圖14 點蝕3情況下從動輪角加速度時域圖對比
從圖12~圖14中可以看出:普通漸開線齒輪角加速度整體波動大、峰值高,最大值為3.012×107°/s2;雙漸開線齒輪在0~0.02 s內呈加速上升狀態,角加速度波動較穩定,最大值為2.66×106°/s2,不會產生過大的沖擊,速度變化整體優于普通漸開線齒輪的速度變化;齒面點蝕由點蝕1擴展為點蝕3,兩齒輪的振動角加速度最大值均有所增加,雙漸開線齒輪振動角加速度的幅值變化小于普通漸開線齒輪的幅值變化,角加速度幅值分布集中,未有較大突變值。
因此,點蝕發生時雙漸開線齒輪抵抗沖擊的能力較強,動力傳遞的穩定性優于普通漸開線齒輪的穩定性,傳動過程較平穩。

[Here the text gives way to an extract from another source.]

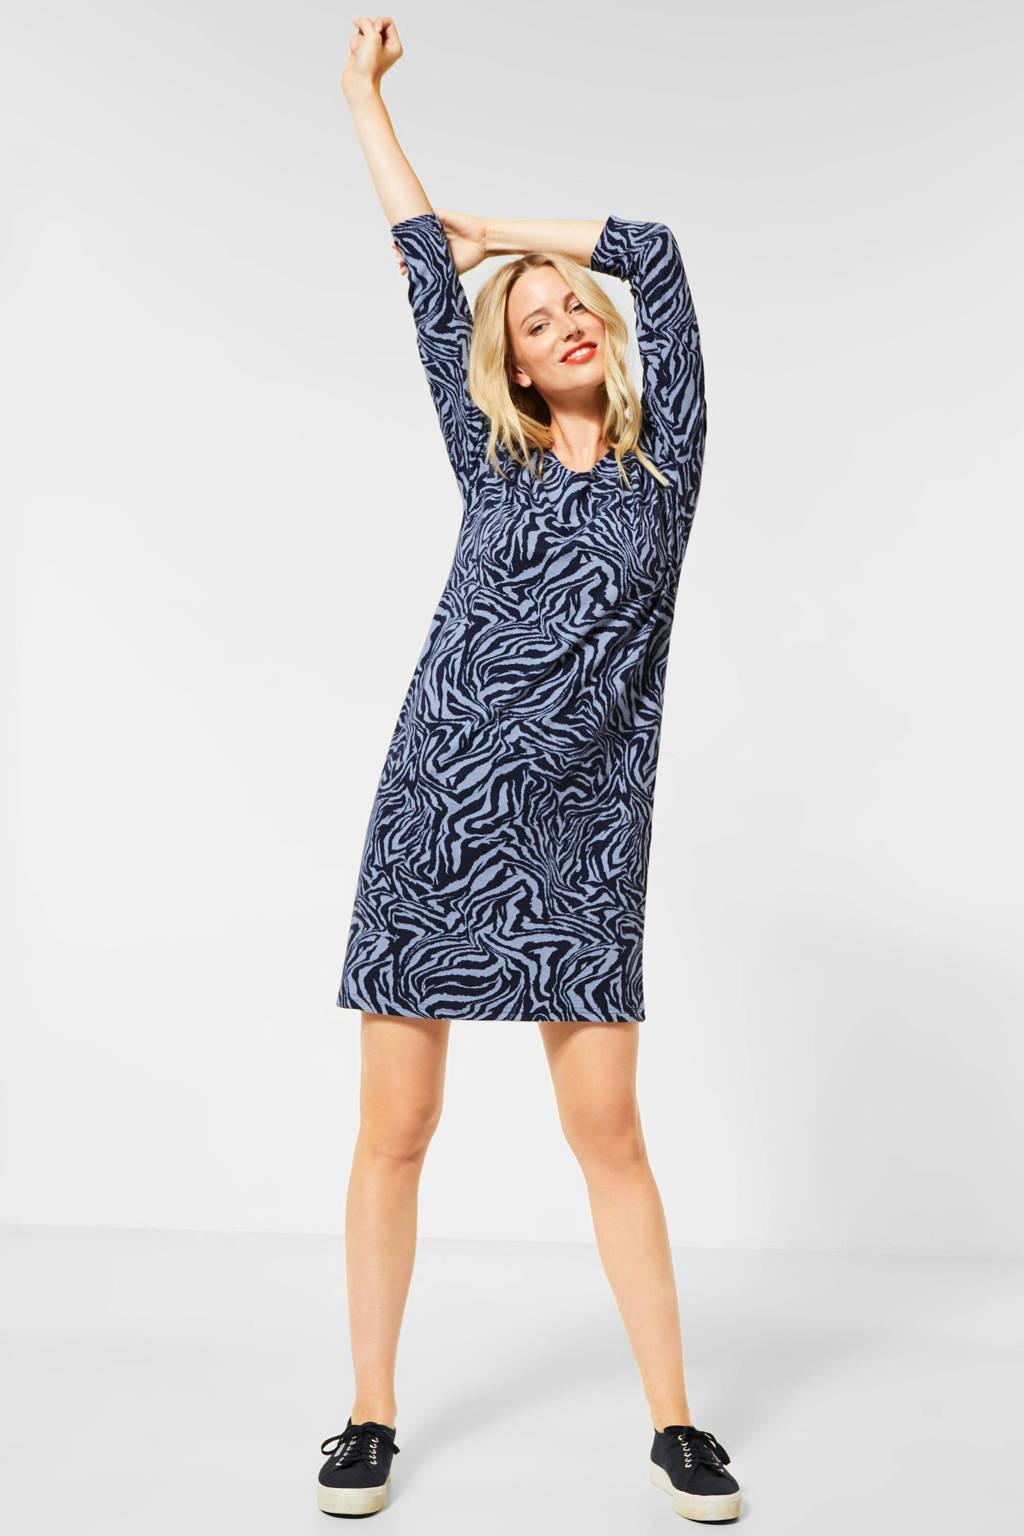 Street One gebreide jurk met zebraprint lichtblauw/donkerblauw, Lichtblauw/donkerblauw
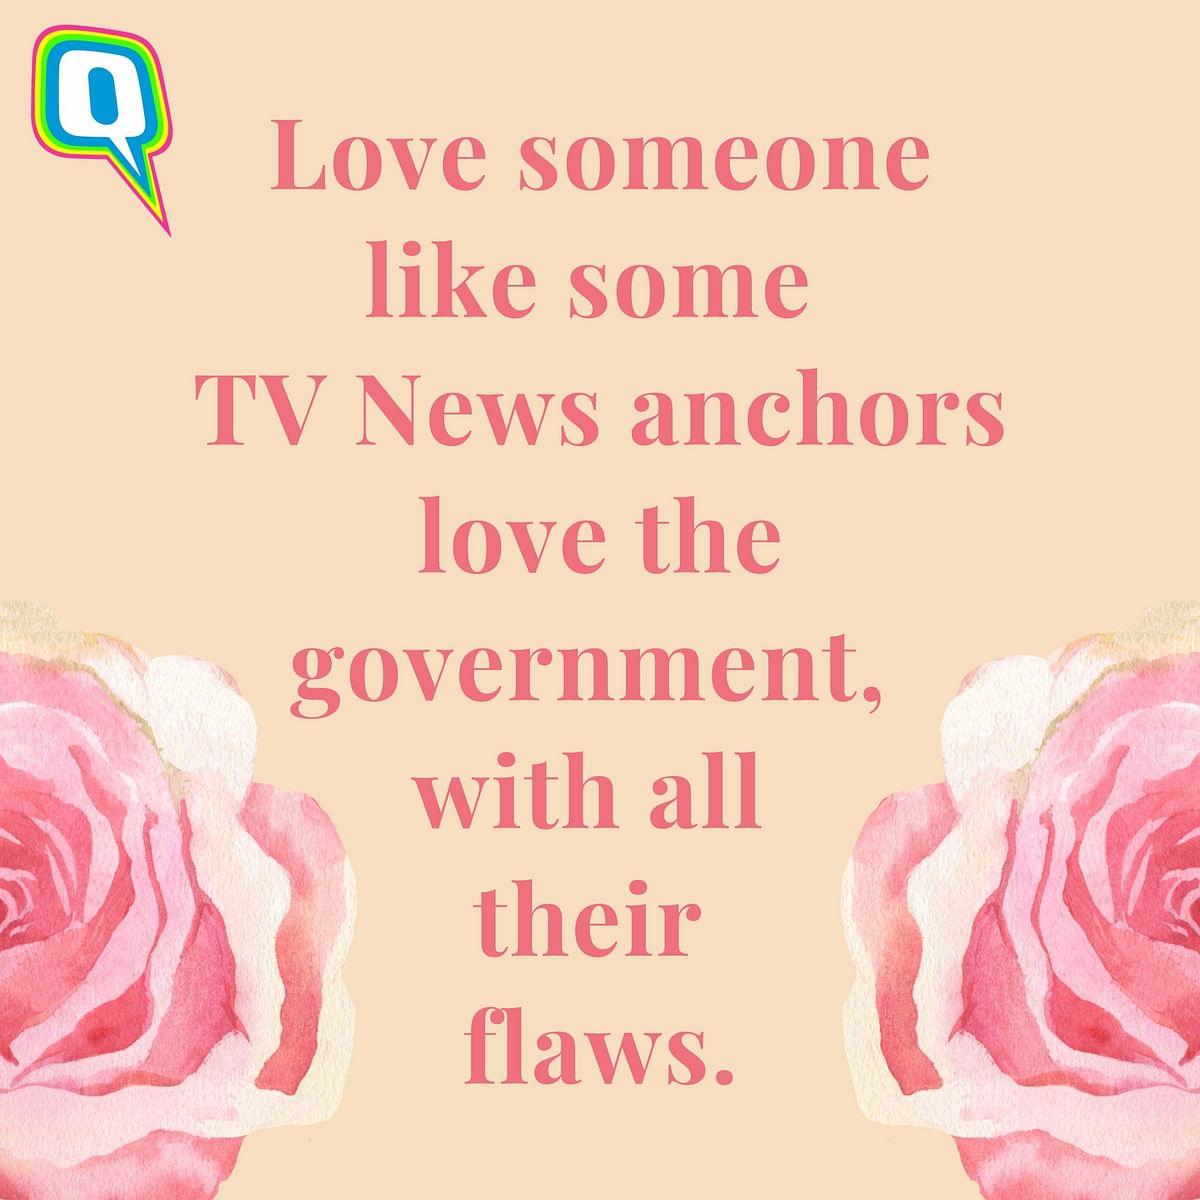 "<div class=""paragraphs""><p>Fall in love with their flaws.&nbsp;</p></div>"

筆者研究了雙漸開線齒輪不同點蝕情況下接觸線長度及時變嚙合剛度的變化規律,用有限元法驗證了接觸線長度計算嚙合剛度的準確性;建立了點蝕情況發生時雙漸開線與普通漸開線齒輪柔性多體動力學模型;分析了不同點蝕情況對兩齒輪動態嚙合力及振動加速度的影響。
研究結果表明:
1)點蝕發生時,雙漸開線齒輪輪齒進入嚙合后接觸線長度發生變化,在輪齒退出嚙合時接觸線長度不發生變化;
2)隨著點蝕程度的加深,兩種類型齒輪嚙合剛度均不斷減小,其中雙漸開線齒輪在點蝕影響下的嚙合剛度變化穩定,抵抗沖擊能力優于普通漸開線齒輪的抗沖擊能力;
3)同工況條件下,隨著點蝕程度的加深,兩種類型齒輪動態嚙合力及振動角加速度幅值增加,雙漸開線齒輪嚙合力最大值為1.24×105N,角加速度最大值為2.66×106°/s2,普通漸開線齒輪嚙合力最大值為1.01×106N,角加速度最大值為3.012×107°/s2;可見,雙漸開線齒輪的加速度幅值波動較平緩,動力傳遞穩定性優于普通漸開線齒輪的穩定性。
筆者后續的研究方向為:1)不同工況下雙漸開線齒輪的齒面形貌,安裝誤差等的動力學特性;2)研究雙漸開線齒輪瞬態接觸下的齒面油膜壓力分布、摩擦因數等瞬態接觸特征量的提取方法,及其對動載荷的影響規律。